Echo substr ($str 1,0,10). chr (0);

Principle Explanation:

Chr (0) is not NULL
07null is nothing, and the value of Chr (0) is 0. 16 is 0x00, which means binary is 00000000
08 Although Chr (0) will not show anything, but he is a character.
09 When the Chinese characters are truncated, according to the coding rules he always vlasov the other characters in the back to be interpreted as Chinese characters, this is the reason for the garbled. Values of 0x81 to 0xFF and 0x00 are always displayed as "null"
10 According to this feature, in the substr after the result of a CHR (0), you can prevent the occurrence of garbled

----------------------------

20120705 Update:

The above method is good, but occasionally still will encounter garbled, reason not to delve into. However, you can use the following methods to UTF8 character text.
Note: The method is to calculate the Chinese characters to 1 unit length, the English letter 1 unit length, so the truncation requires attention to the length set.
Method of calculating Length:

function Strlen_utf8 ($str)
{
  $len = strlen ($STR);
  $n = 0;
  for ($i = 0; $i < $len; $i + +) {
    $x = substr ($str, $i, 1);
    $a = Base_convert (ord ($x), 2);
    $a = substr (' 00000000 '. $a, -8);
    if (substr ($a, 0, 1) = = 0) {
    }elseif (substr ($a, 0, 3) = =) {
      $i + = 1;
    } ElseIf (substr ($a, 0, 4) = = 1110) {
      $i + = 2;
    }
    $n + +;
  }
  return $n;
} End Strlen_utf8;

String truncation function:

 function Substring_utf8 ($str, $start, $lenth) {$len = strlen ($STR);
    $r = Array ();
    $n = 0;
    $m = 0;
      for ($i = 0; $i < $len; $i + +) {$x = substr ($str, $i, 1);
      $a = Base_convert (ord ($x), 10, 2);
      $a = substr (' 00000000 '. $a,-8);
        if ($n < $start) {if (substr ($a, 0, 1) = = 0) {}elseif (substr ($a, 0, 3) = =) {$i = 1;
        }elseif (substr ($a, 0, 4) = = 1110) {$i + = 2;
      } $n + +;
        }else{if (substr ($a, 0, 1) = = 0) {$r [] = substr ($str, $i, 1);
          }elseif ($a, 0, 3) = (substr) {$r [] = substr ($str, $i, 2);
        $i + 1;
          }elseif (substr ($a, 0, 4) = = 1110) {$r [] = substr ($str, $i, 3);
        $i + 2;
        }else{$r [] = ';
        } if (+ + $m >= $lenth) {break;
  }} return join ($R);
}//End Substring_utf8; 

Use the same method as described earlier, such as FormatName can be implemented as follows (this is a small optimization of the length of Chinese characters):

function FormatName ($STR, $size) {
 $len = Strlen_utf8 ($STR);
 $one _len = strlen ($STR);
 $size = $size * 1.5 * $len/($one _len);
 if (Strlen_utf8 ($STR) > $size) {
  $part 1 = Substring_utf8 ($str, 0, $size/2);
  $part 2 = Substring_utf8 ($str, $len-($size/2), $len);
  Return $part 1. "..." . $part 2;
 } else {return
  $str;
 }
}

The above is the entire content of this article, I hope to help you learn, but also hope that we support the cloud habitat community.

Contact Us

The content source of this page is from Internet, which doesn't represent Alibaba Cloud's opinion; products and services mentioned on that page don't have any relationship with Alibaba Cloud. If the content of the page makes you feel confusing, please write us an email, we will handle the problem within 5 days after receiving your email.

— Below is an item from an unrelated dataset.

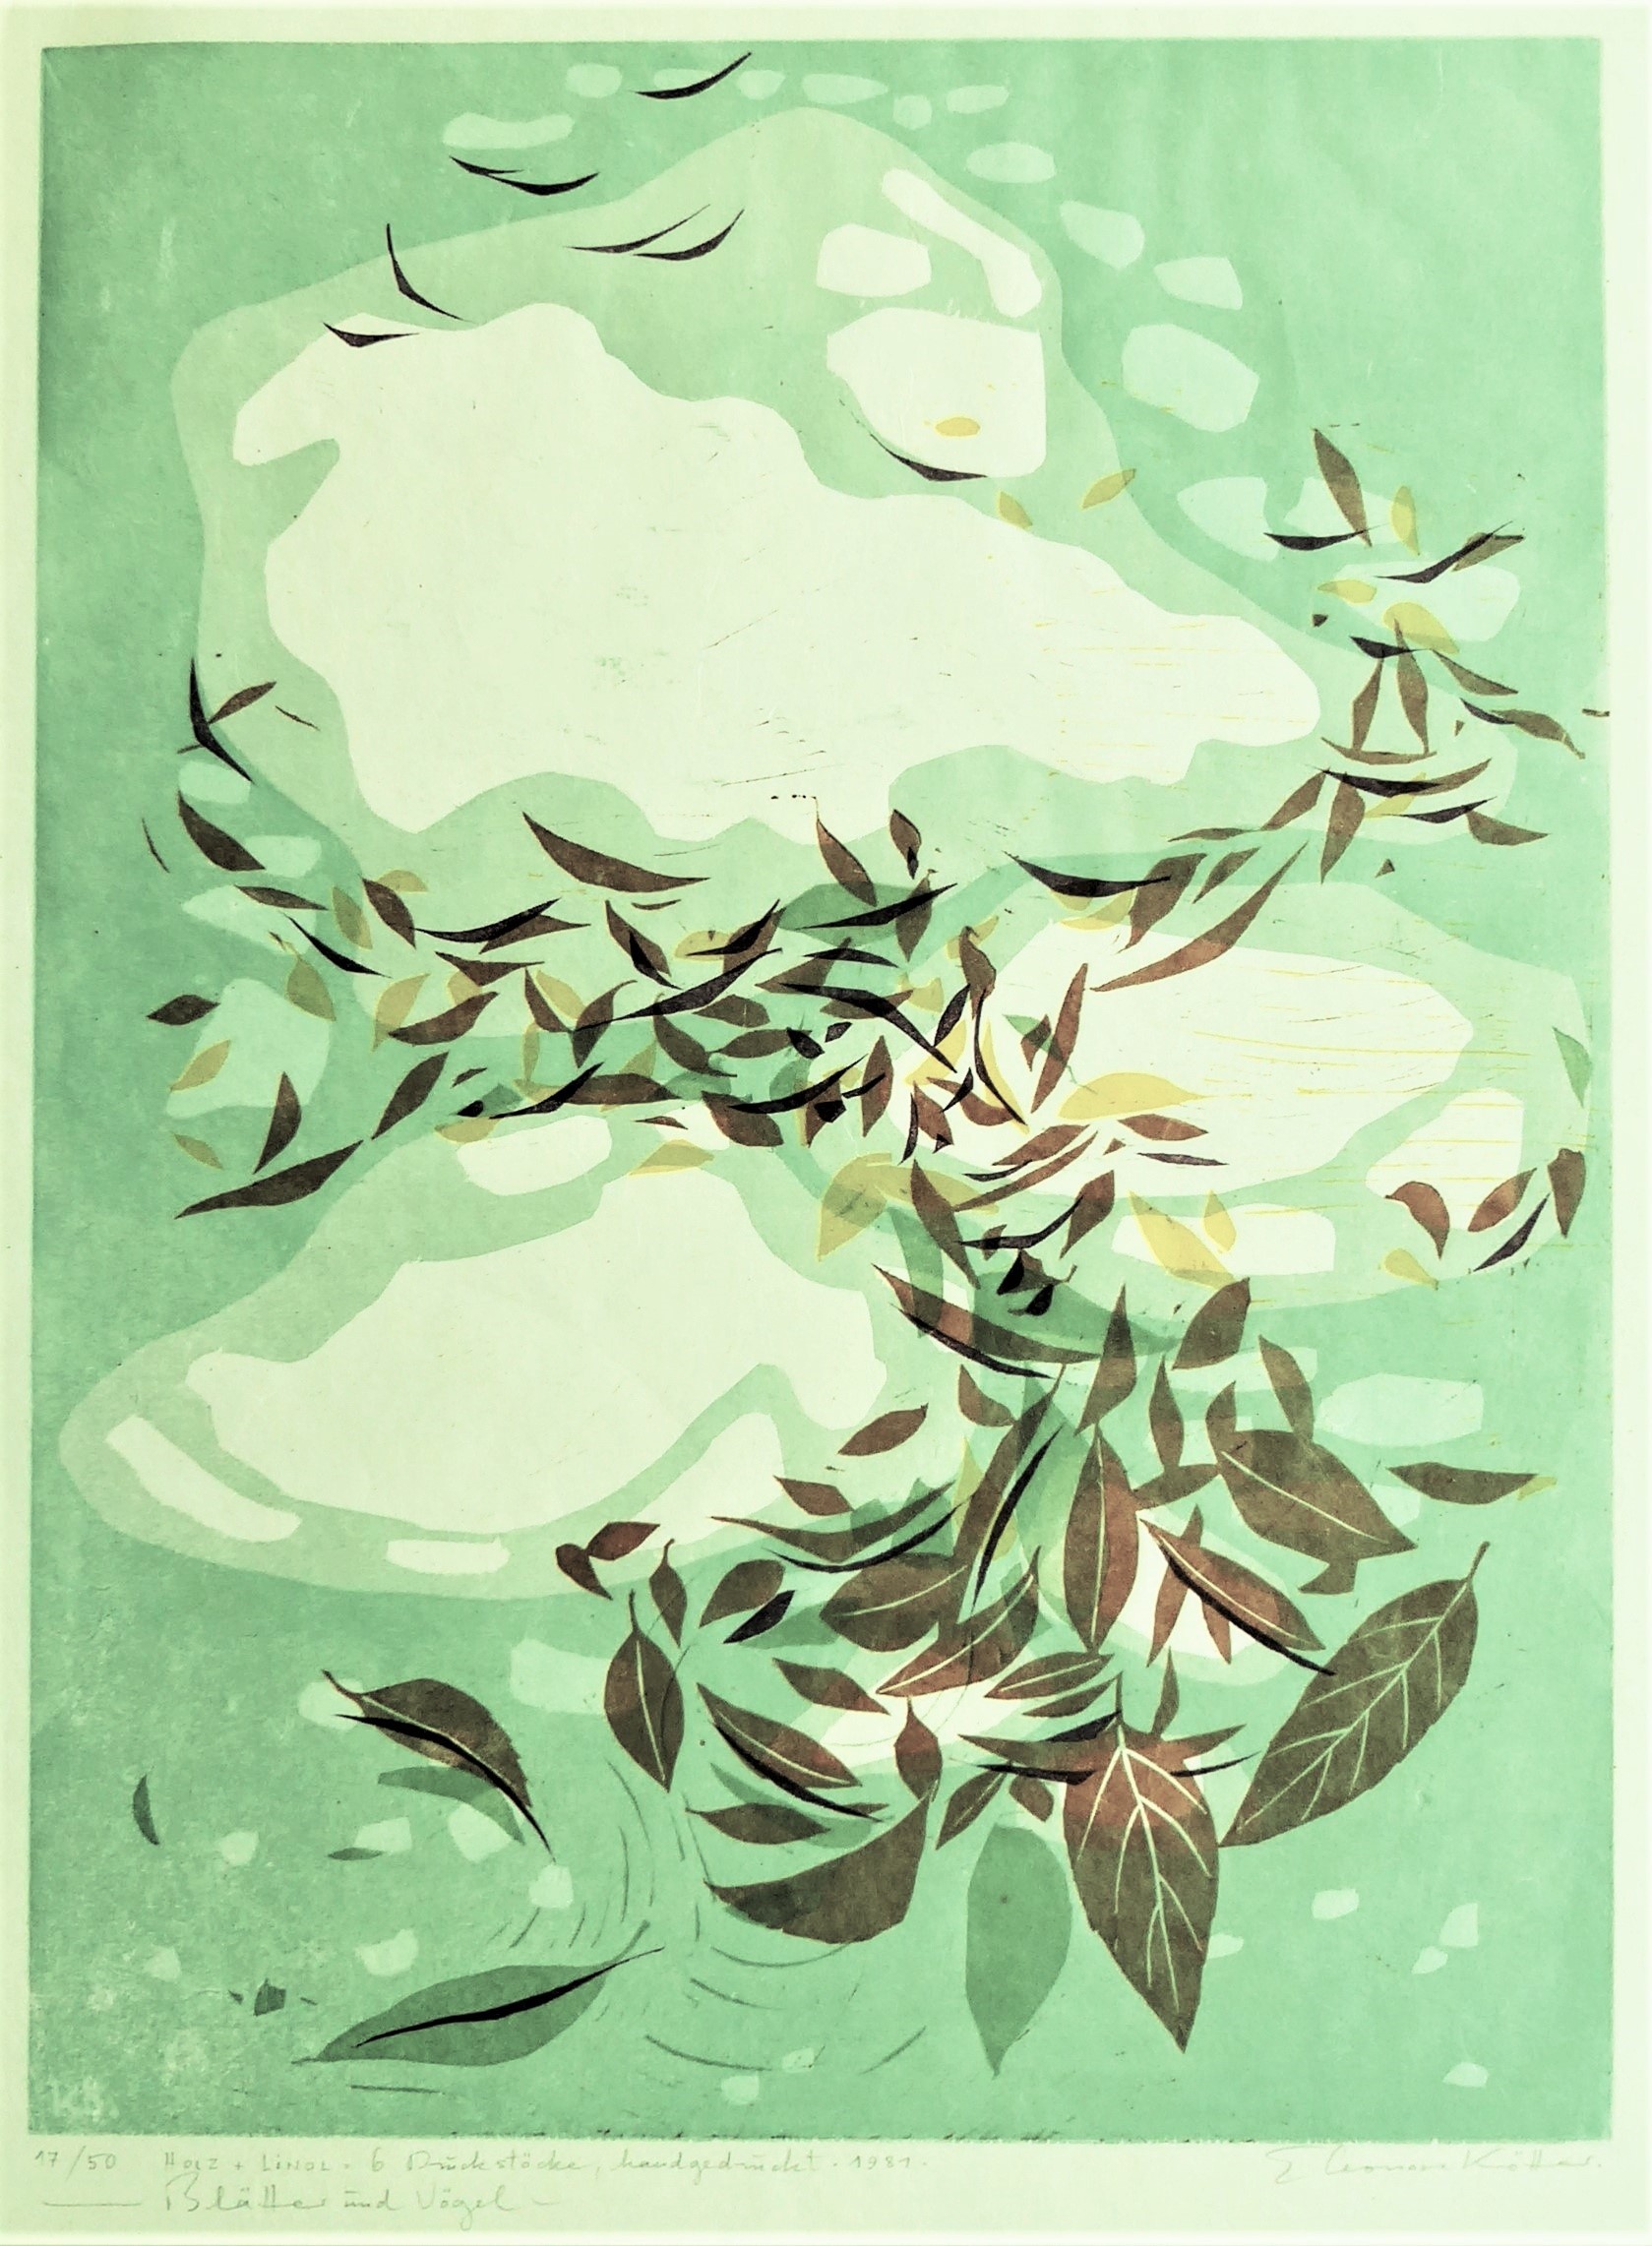 Blätter und Vögel (Kunststiftung Eleonore Kötter CC BY-NC-SA)

If you find any instances of plagiarism from the community, please send an email to: info-contact@alibabacloud.com and provide relevant evidence. A staff member will contact you within 5 working days.

A Free Trial That Lets You Build Big!

Start building with 50+ products and up to 12 months usage for Elastic Compute Service

  • Sales Support

    1 on 1 presale consultation

  • After-Sales Support

    24/7 Technical Support 6 Free Tickets per Quarter Faster Response

  • Alibaba Cloud offers highly flexible support services tailored to meet your exact needs.